**** THE DATA

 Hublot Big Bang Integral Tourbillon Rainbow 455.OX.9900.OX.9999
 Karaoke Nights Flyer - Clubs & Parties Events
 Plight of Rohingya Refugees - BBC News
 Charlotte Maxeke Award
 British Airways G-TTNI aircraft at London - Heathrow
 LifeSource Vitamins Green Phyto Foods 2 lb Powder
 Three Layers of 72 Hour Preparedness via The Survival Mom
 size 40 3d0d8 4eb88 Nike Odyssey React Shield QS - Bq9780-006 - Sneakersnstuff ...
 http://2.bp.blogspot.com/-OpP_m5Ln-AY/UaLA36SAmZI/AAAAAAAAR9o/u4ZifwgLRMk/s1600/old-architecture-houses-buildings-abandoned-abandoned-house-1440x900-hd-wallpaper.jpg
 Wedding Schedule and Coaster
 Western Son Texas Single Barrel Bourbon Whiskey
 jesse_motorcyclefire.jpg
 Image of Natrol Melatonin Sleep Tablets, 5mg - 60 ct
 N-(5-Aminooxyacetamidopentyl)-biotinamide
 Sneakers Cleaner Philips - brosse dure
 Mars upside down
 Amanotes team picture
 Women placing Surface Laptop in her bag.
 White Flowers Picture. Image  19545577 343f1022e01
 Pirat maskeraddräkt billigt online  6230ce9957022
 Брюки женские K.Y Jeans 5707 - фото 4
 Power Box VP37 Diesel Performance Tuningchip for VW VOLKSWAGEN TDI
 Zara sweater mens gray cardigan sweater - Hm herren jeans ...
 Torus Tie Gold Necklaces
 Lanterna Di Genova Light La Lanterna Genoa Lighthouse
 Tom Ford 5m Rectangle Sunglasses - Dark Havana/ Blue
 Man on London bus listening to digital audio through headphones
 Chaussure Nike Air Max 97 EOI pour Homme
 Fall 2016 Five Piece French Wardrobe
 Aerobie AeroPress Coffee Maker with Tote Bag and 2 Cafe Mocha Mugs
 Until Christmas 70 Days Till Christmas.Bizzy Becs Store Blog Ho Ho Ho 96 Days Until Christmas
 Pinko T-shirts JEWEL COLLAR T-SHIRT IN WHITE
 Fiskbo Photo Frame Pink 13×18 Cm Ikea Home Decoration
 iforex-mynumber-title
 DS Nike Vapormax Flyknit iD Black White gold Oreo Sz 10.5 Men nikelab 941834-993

********

## PROBLEM REQUIREMENTS
Among the lines of the data, which ones contain the word "Image"? Show them.

## OUTPUT BELOW
 Image of Natrol Melatonin Sleep Tablets, 5mg - 60 ct
 White Flowers Picture. Image  19545577 343f1022e01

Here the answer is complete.